Middle Eastern or not, Jane Seymour is HAWT!!Report
Iran is a multiethnic society, which includes “black” Iranians and “Asian” iranians and blonde-haired blue-eyed Iranians. The vast majority of Iranians are Caucasian. You could not tell an “average” Iranian apart from an average Greek or Italian. So stop with the “White” thing already.Report
Iranians I have known have been very eager to point out that they are not Arabs and are in fact “Aryans.” I.e., the “same race” as Europeans–whatever that may mean.

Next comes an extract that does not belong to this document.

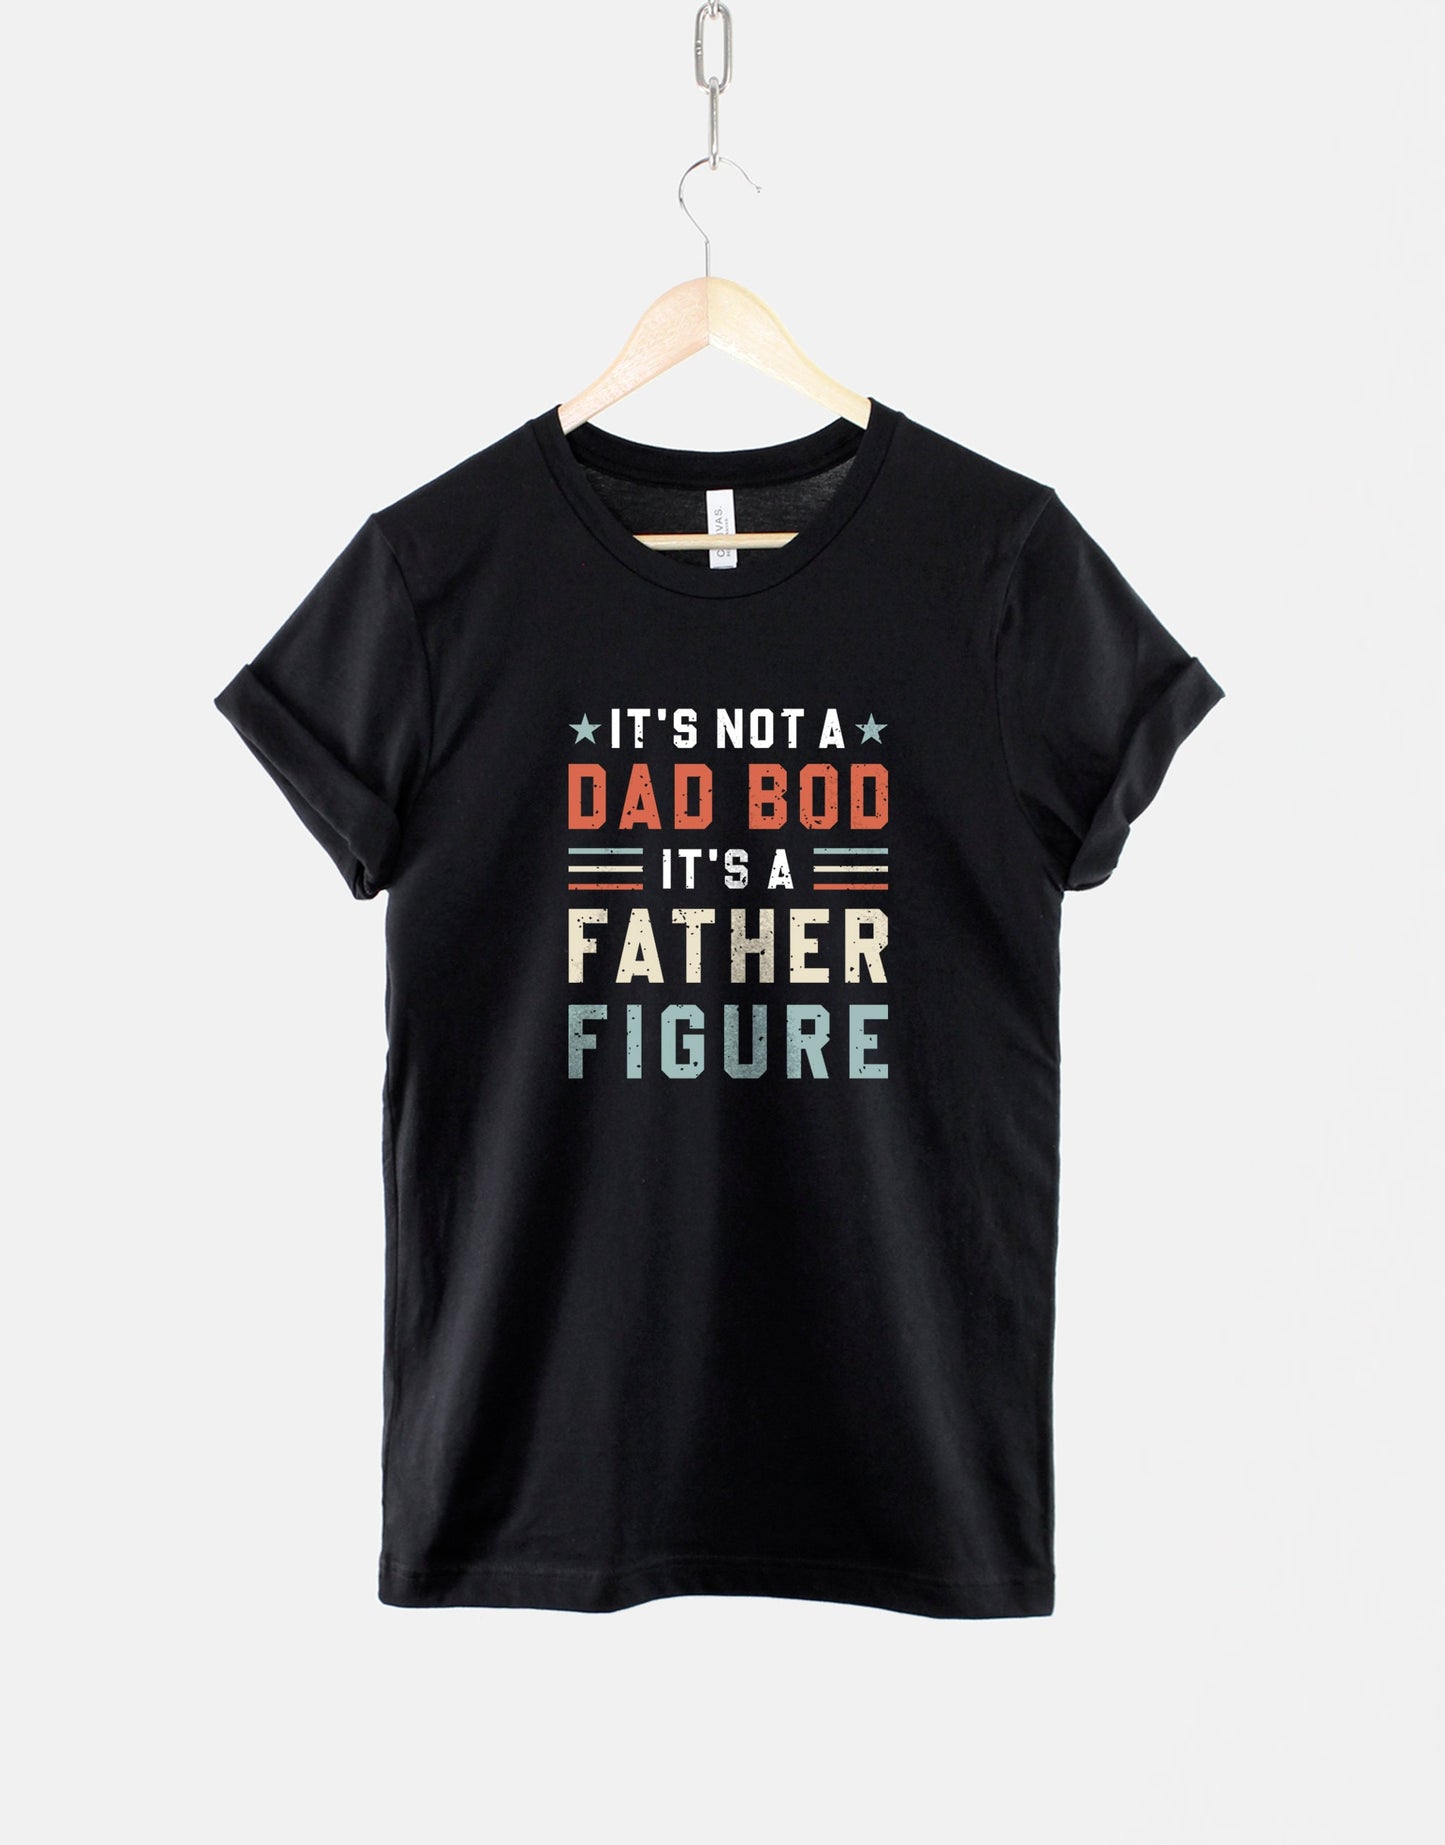 It's Not A Dad Bod It's A Father Figure T-Shirt - Dad Bod T-Shirt - T-Shirt For Dad - Dad T-Shirts

As for the origins of Ashkenazi Jews, you need to update your ideas, which seem to derive from fringe theories now associated only with right-wing anti-Semitism–i.e., that European Jews are not “real Jews” and are not of Middle-Eastern origin. (This is the now entirely discredited theory that Ashkenazi Jews descend from converts made from among a people called Kazars. At one time this was regarded as a legitimate possibility, but genetic studies have shown it to be false, so only crackpots still believe it.)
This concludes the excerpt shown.